Gaming toggle (F3-P6, gaming.active + gaming.disabled_backends). ctx gaming on flips the GPU-host backends (default herbert-chat + herbert-rerank) out of EVERY chain so the GPU is free to game; llama-cpu and any external backend stay in as failover. The flip is a settings write — admin-gated (an ungated toggle would let any tenant key flip the system's egress topology), and persistent: it SURVIVES a restart (the dream-mode break path, where a restart drops the GPU lock, is the anti-pattern it avoids) and takes effect on the next chain without one, via a synchronous reload. In-flight requests finish normally; the dream cycle-skip (above) already covers the back-off-curve integrity. A name in the disabled list matching no live backend surfaces as unknown_backends (a typo would otherwise leave the GPU busy). Per-backend runtime detail stays in the admin-gated ctx backends; /health never carries the gaming flag (it would be an "admin sits at the GPU host" presence oracle).

Sensitivity LLM audit (G41). ctx blocks audit start (manage action blocks-audit-start, admin) classifies every home-scope block still at sensitivity_source='default' out of the fail-closed credentials default: two SEPARATE yes/no questions per block over the classify role chain — "beinhaltet dieser block möglicherweise schützenswerte credentials?" and "beinhaltet dieser block möglicherweise personenbezogene daten?" — answered as strict JSON booleans (deliberately NO confidence field: local-model self-reported confidence is uncalibrated). Verdict table: credentials-ja keeps credentials (the personal question is skipped), nein+personal-ja → personal, nein×2 → internal; public is never assigned by the audit — that stays manual. A parse failure is no verdict (the block keeps the credentials default and a 24h retry cooldown via sensitivity_audited_at); a chain/backend failure aborts the run instead of cooling down blocks the model never judged. manual rows are untouchable by the SQL predicate itself (WHERE sensitivity_source='default'), a concurrent manual classification between pick and verdict discards the verdict. The classify role is hard-local: backend-create/update rejects classify on locality='external' with 422 and — unlike embed — there is no metadata escape hatch, because audit prompts carry unclassified block content by definition (full-trust ZDR included); the chain executor additionally drops external rows at call time. Before a bulk run, gate with a sample: ctx blocks audit sample --n 30 classifies 30 random pending blocks WITHOUT writing and reports the would-be verdicts in blocks-audit-status for manual accuracy review. Every wire call writes a slim llmlog row (pipeline sensitivity-audit, block id attached, no bodies).

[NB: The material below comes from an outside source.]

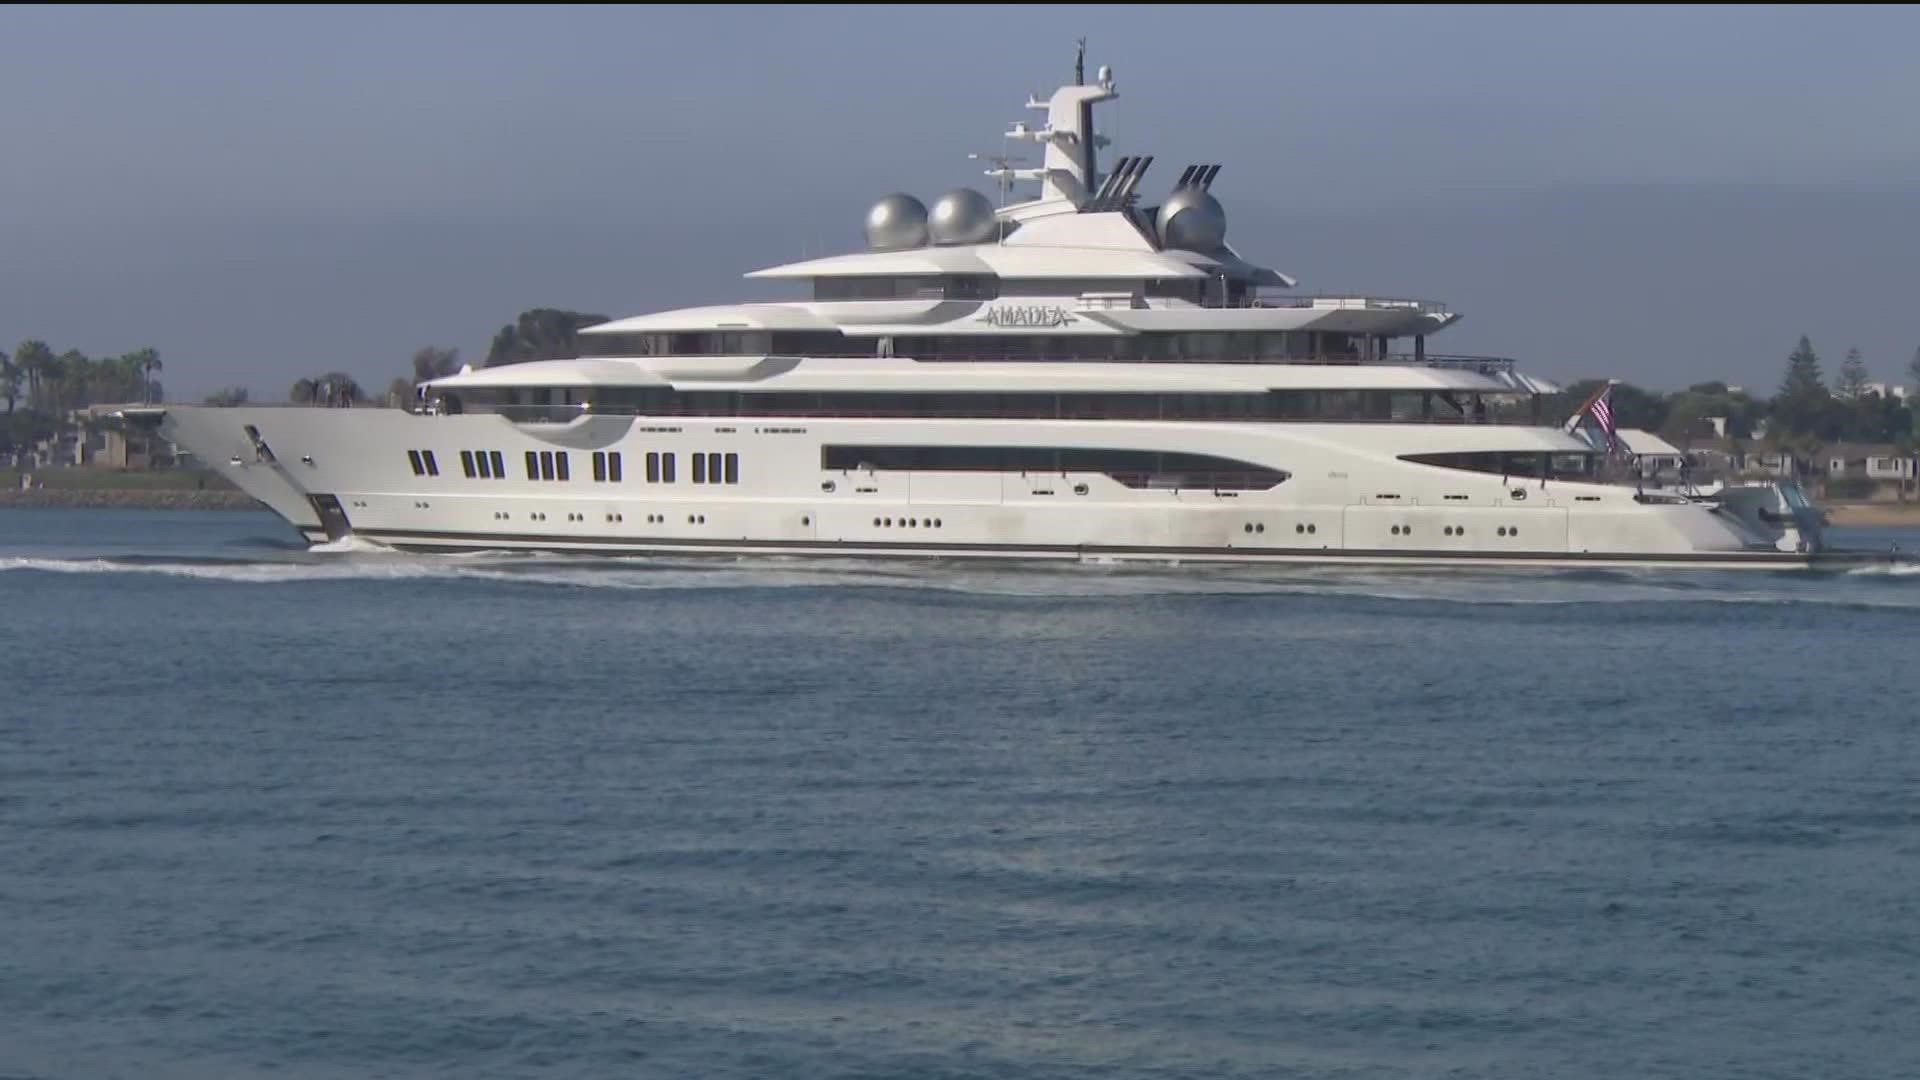 The Department of Justice seized the super yacht in May in an effort to put pressure on Russia over the war in Ukraine.

Credentials pattern detector (G40). A deterministic, LLM-free scanner (internal/sensitivity) that only ever RAISES content to credentials — never downgrades. It runs at two points automatically: on POST /api/store (a content hit forces credentials with sensitivity_source='pattern' and records the secret-free reason in metadata.sensitivity_detector) and on POST /api/query (a hit in the query text raises the operation's required sensitivity, so a query carrying a secret can never reach a lower-trust backend). Rule set, precision over recall (a false positive permanently blocks external failover for that block, so generic blobs that collide with this corpus's git SHAs and content hashes are avoided): AWS key ids, PEM private-key headers, JWTs, vendor token prefixes (sk-/ghp_/xox…/AIza…/glpat-), entropy- and placeholder-gated secret assignments, high-entropy base64 blobs (≥32 chars, >4.5 bits/char), long hex blobs (≥64). The bulk re-audit ctx blocks classify start (manage action blocks-classify-start, admin) keyset-walks every home-scope block that is not already credentials and not manual, raising hits to credentials/pattern — the deterministic veto against the G41 audit (a pattern row is outside the audit's source='default' pick set, so the LLM can never downgrade a pattern hit). manual stays untouchable; credentials blocks are left intact (upgrade-only); the write predicate re-checks both invariants race-safe. Always dry-run first (ctx blocks classify dry-run) — it scans the real corpus WITHOUT writing and lists exactly what would be raised, the empirical false-positive gate before committing. Once the corpus is classified, pool.default_block_sensitivity can be lowered to personal via the guarded settings write.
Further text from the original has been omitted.